Allaha sığın şahsı halimin gazabından

Zira yumuşak huylu atın çiftesi pekdir.(Ziya Paşa)

 

Yar dilde dil anın sevdayı tahsilindedir.

Hasılı tahsilimiz tahsili hasıldır bizim.

 

Söyledik kerrat ile merrat ile

Olmadı takririmiz kati sana

 

Anlaşıldı başka çare yok

Hap yapıp yutturmalı sana.

 

Çeşmi insaf gibi kâmile mizan olamaz

Kişi noksanını bilmek gibi irfan olamaz

Dûduya eyleseler talimi edayı kelimat

Sözü insan olur ama özü insan olamaz.

 

Zemmediyormuş gibi görünüp medhetmek

Veya medheder gibi görünüp zemmetmek.

 

Niyazi!Küntü kenzin sırrını kendinde buldunsa

Süleyman tahtını veya hikmet-i lokmanı neylersin.(Niyazi-i Mısri)

 

Bize Tahir efendi kelb demiş

İltifatı bu sözde zahirdir.

Maliki mezhebim benim zira

İtikadımca kelb Tahirdir.(Nef’i)

 

Lâ ile nefyi vücud etse eğer bir münkir

Yine Mevîâya döner kurtulamaz illadan

 

Yunus Emre:

"Dervişlik baştadır, tacda değildir. Kızdırmak od'dadır sac da değildir. Ararsan Mevlayı kendinde ara.

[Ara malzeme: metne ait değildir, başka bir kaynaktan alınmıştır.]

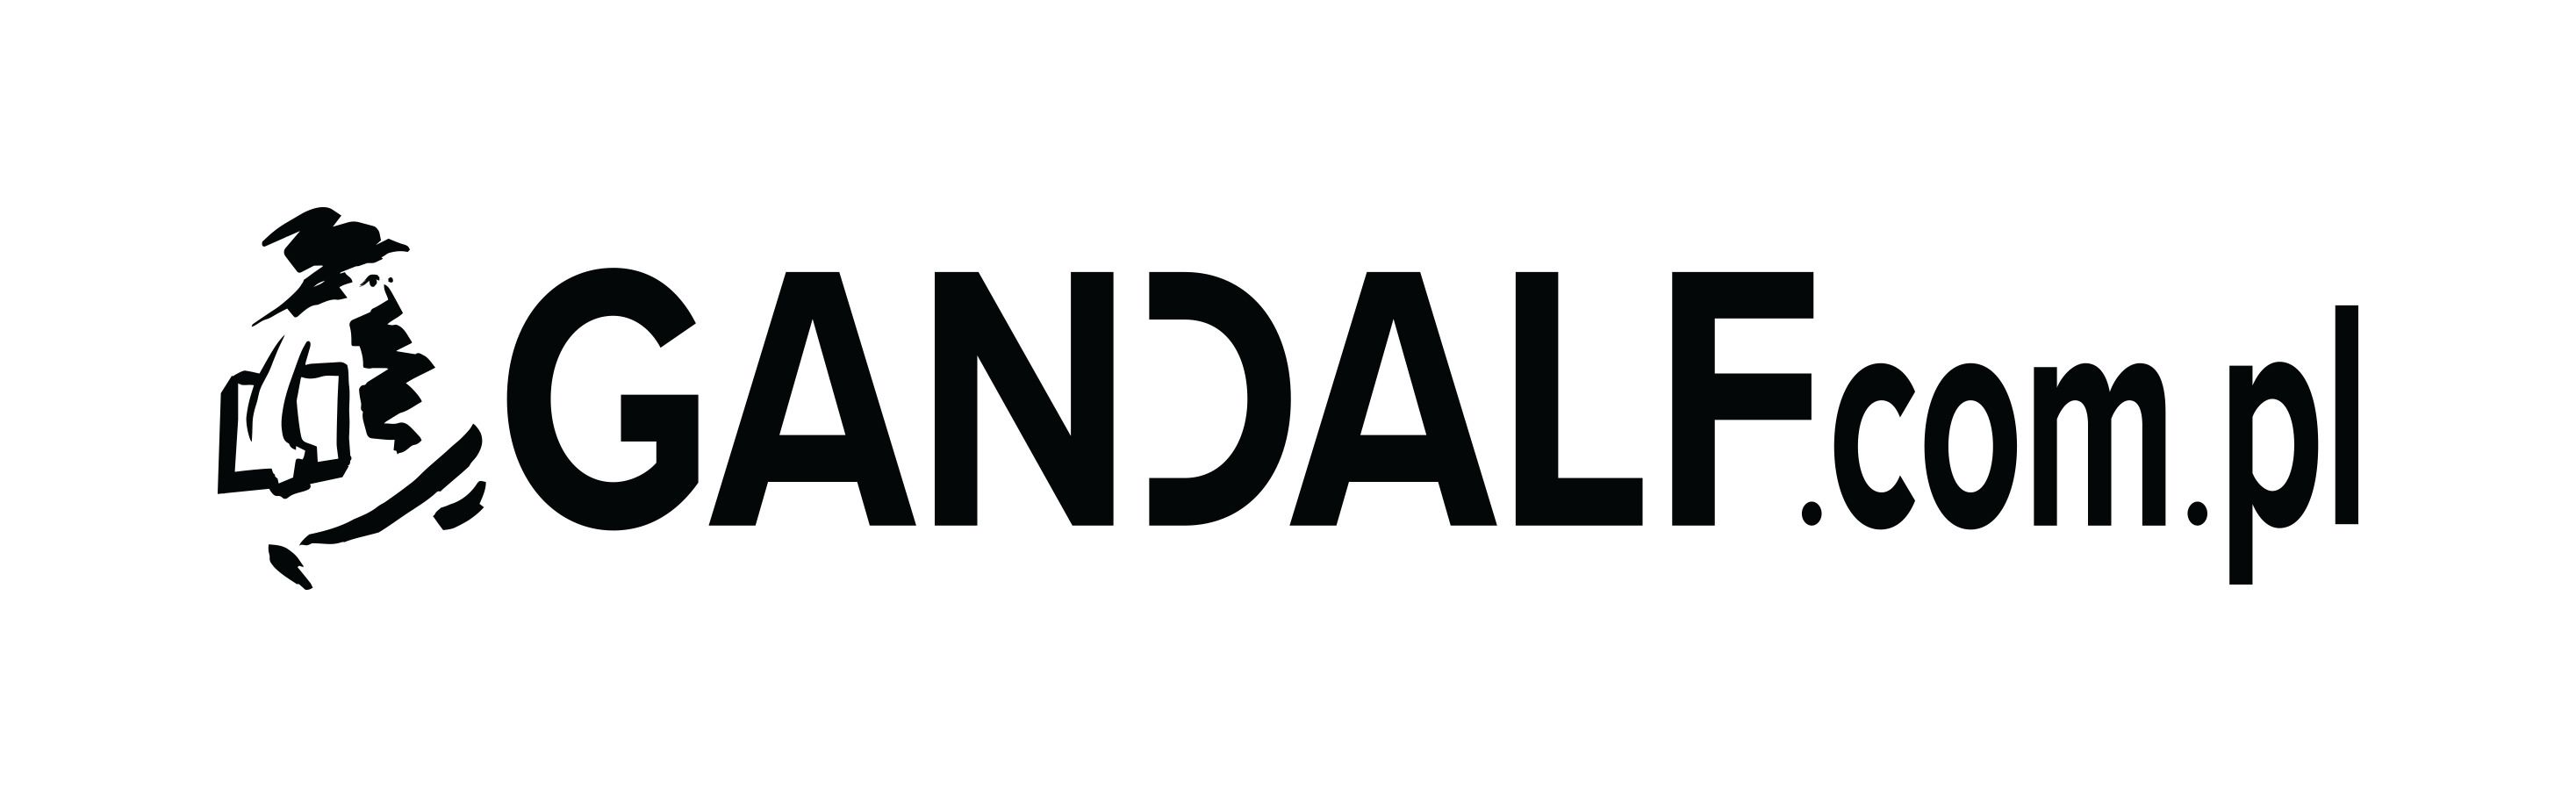 Firma GANDALF.com.pl logo

Kudüs'te Mekke'de hacda değildir" demiş

 

Ehli tevhid olmak istersen sıvaya meyli kes

Aç gözün merdane bak Allah bes, baki heves,"

 

Mehmet Akif:

Şarka bakmaz, Garbı bilmez görgüden yok payesi

Bir utanmaz, yüz kızarmaz büsbütün sermayesi.

 

Ehli irfanım deyu hor bakma, hiçkimseye sen.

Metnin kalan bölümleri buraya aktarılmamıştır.